Step 1: What users need?

To train a voice assistant, log user interactions. Transcribe any call center recordings. You can also. If you are creating a chat dialog, look at the responses your users provide. You can use data from real users whenever you want, but only augment it if necessary.

Step 2: Determine the domain-specific languages

This step separates the "general" and "domain-specific languages. This is because the speech model inherits "general" training data so we only need to supply data that falls outside this. The "general" language is the language your smartphone understands, and the "domain-specific language" are things you say/hear only at work.

 

 Although it may seem tempting to simply extract "neuter", "Corgi" or "Corgi", the speech model will benefit from being able to understand these words in context. Speech training uses word sequences, not individual words.
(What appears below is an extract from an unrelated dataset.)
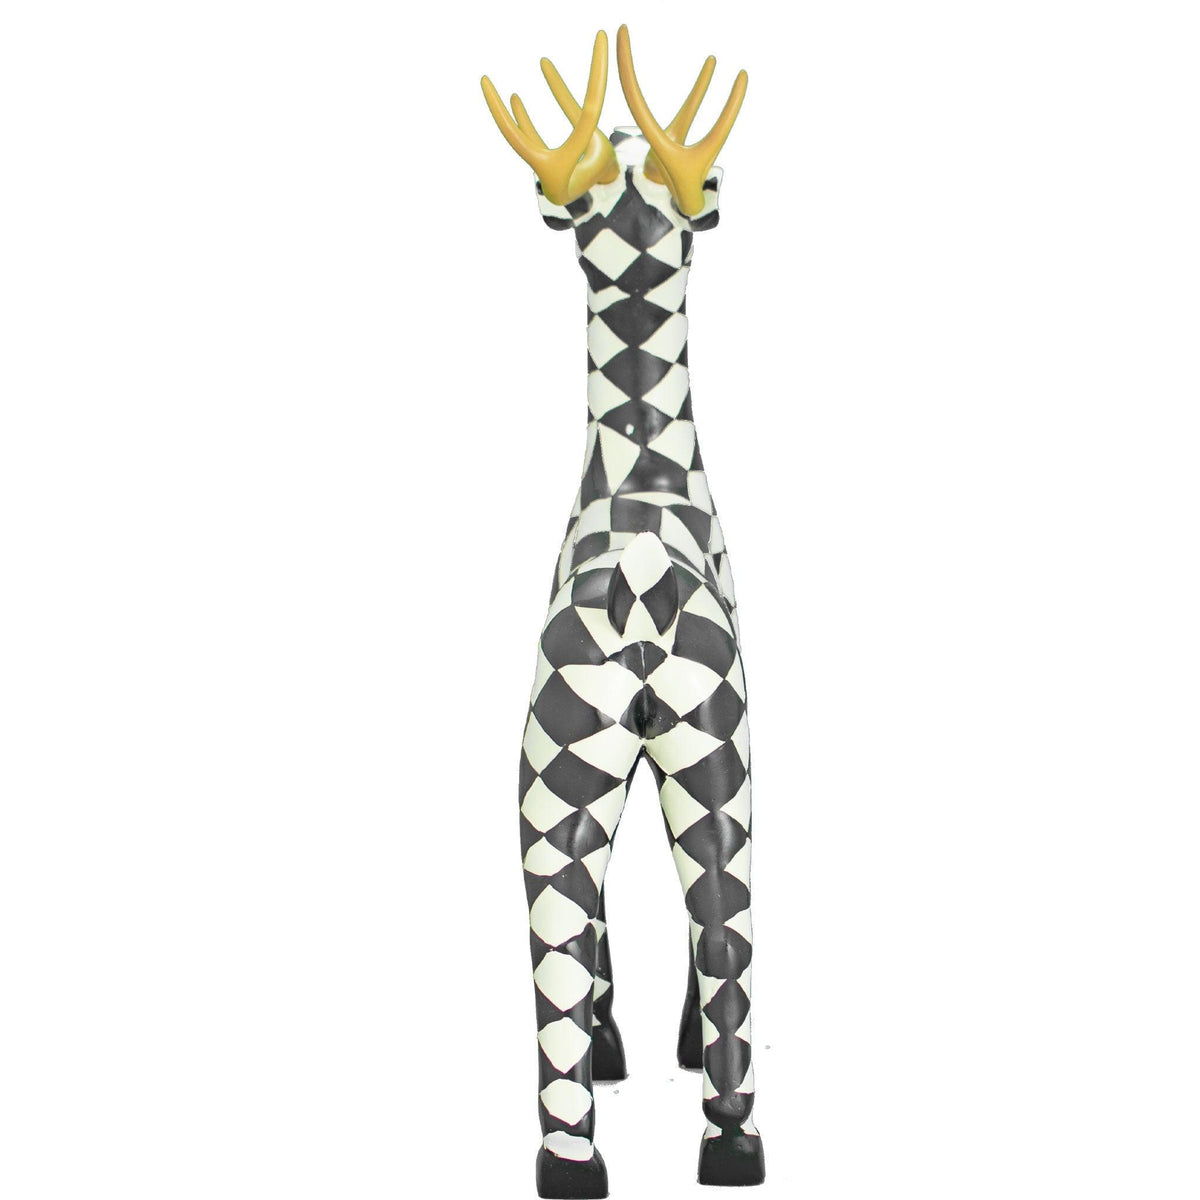 Lee Display's Brand New Black and White Checkered Standing Reindeer on Sale and Available for Rent at leedisplay.com

Knowing that "to neuter", is most likely in your domain, you tell the model that "tune her to her" is unlikely to be a translation despite their phonetic similarity.

Step 3: Create a "script" (data will we collect from the human race)

Take a list of statements from the previous steps and compile them into a "script" from which you will ask people to speak. You will also record them. The script should contain a representative sample from the previous step. You should include equal numbers of "neuter", "spay", and "microchip" appointments in your script. You should have twice the number of "neuter", "microchip," and "microchip," appointments.

 

Your script should begin with an introduction that identifies the subject's accent, environment and device. This metadata will come in handy later.

Step 4: Under what conditions should you speak?

You will need to identify your target population. Then, create a record of Dataset For Machine Learning collection plan for that population. You will want to record data from a variety of people (to cover speaking styles and accents) as well as a variety of environments and devices.

Step 5: Record people reading your script

Give your script to data collection subjects. Have them call this environment. Your users should not worry about any mistakes that they make. They should simply continue to read the script. Your data collection subjects should find the process as simple as possible. You can always fix their mistakes later.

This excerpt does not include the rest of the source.